Millî Olmayan ama Uluslararası Olan Bir Roman

(Millî Olmayan ama Uluslararası Olan Bir Roman; Çatı Dergisi, Sayı 2, Kasım 2010, sf.66-69)


Edebiyat muhitlerinde bir kaideymiş gibi sıkça tekrarlanan bir söz vardır: Millî olmadan evrensel olunamaz. Peki millî nasıl olunur? Millî kavramını anlamak için evvelâ millet mefhumunu idrak etmek gerekir. Derginin ilk sayısında millet kavramıyla ilgili verilmiş güzel bir misal var.1 Milleti oluşturan birlikte yaşama şuuru bir aşure yemeğiyse, içine koyulan malzemeler dil, soy, zaman, ülkü vs. unsurlar da içine konan malzemeler. Yerine göre bu unsurlar diğerlerine nazaran ağır basıyor. O hâlde millî olmanın, millî roman yazmanın şartları da bu millet yapan unsurları romana işlemek mânâsına geliyor.


Evrensel olabilmiş romanlara baktığımızda hakikatten de işin böyle olduğunu görebiliyoruz. Dünya klasikleri adını verdiğimiz cihanşumul başucu kitapları, kendi zamanlarında ağır basan fikir akımlarının rüzgârıyla millet olma şuurunu veren unsurlar çerçevesinde yazılmış. Meselâ Fransız Hugo’da Fransa’nın tasvirini, Rus Dostoyevski’de Rusya’nın fikir akımlarını, Joseph Conrad’da (ki kendisi Polonyalıdır) İngiliz dilinin incelikleri bulunmasaydı, belki de bu kadar ün sahibi olmayacaklardı.

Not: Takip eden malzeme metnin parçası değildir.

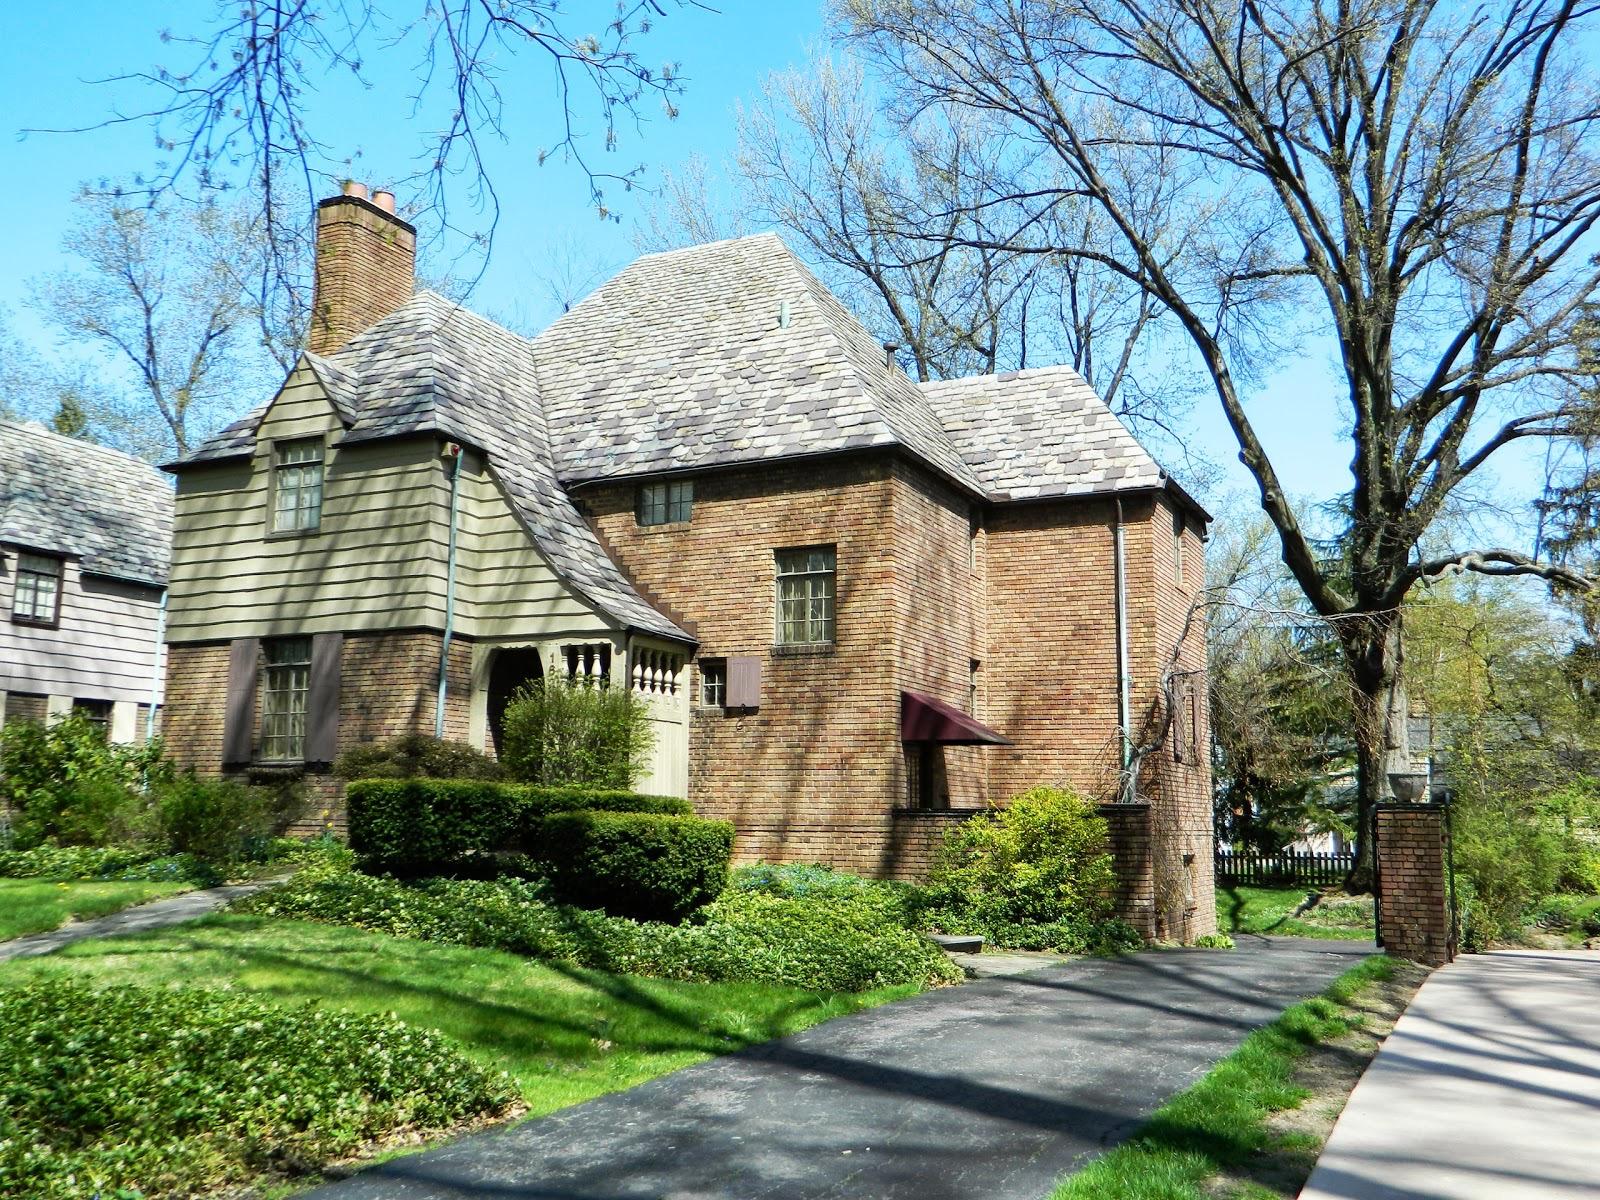 20130430049 E Cleveland Forest Hills 16201 Brewster.jpg
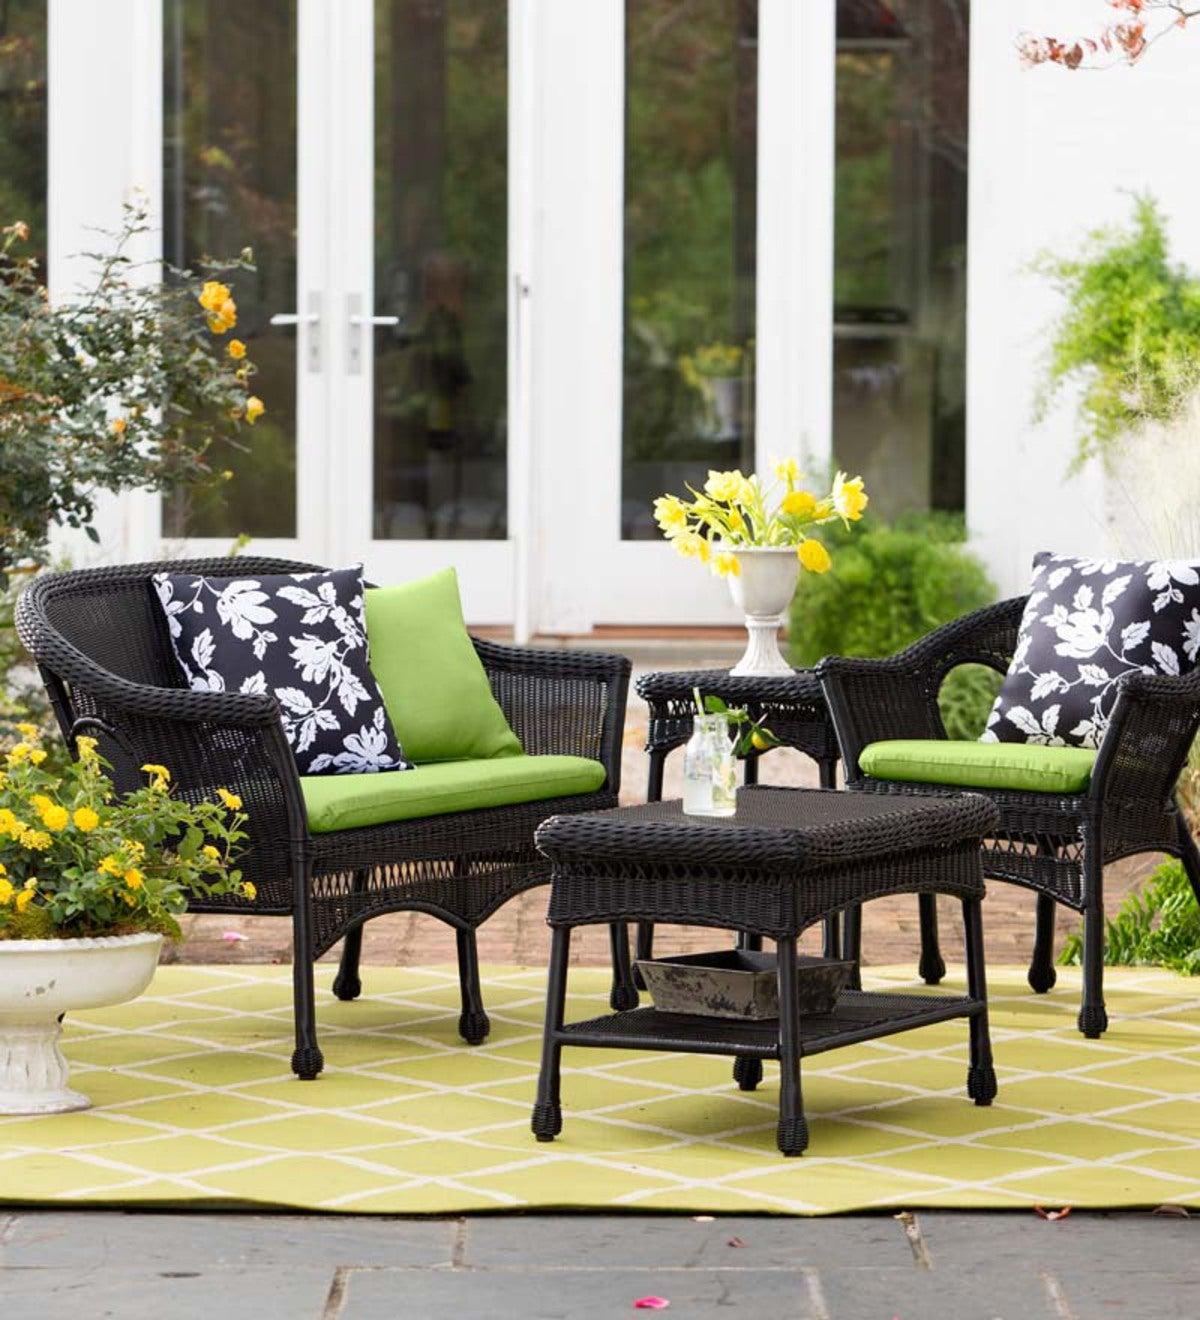 Black Easy Care Resin Wicker Furniture

Bir diğer mesele, millî olmayanın ne olduğu. Zikrettiğimiz unsurlardan yalnızca bir veya birkaç tanesi üzerine roman bina etmekle millî olunamaz. Meselâ bir roman yazılırken her bir unsur tek tek işlenmesine rağmen millî bir dil kullanılmazsa; roman alemşumul bir başarı kazanmak bir yana, bu memlekette bile muvaffak olamaz. Bir unsur ağır basabilir; ancak milleti millet yapan aslî unsurlardan kopmamak şartıyla.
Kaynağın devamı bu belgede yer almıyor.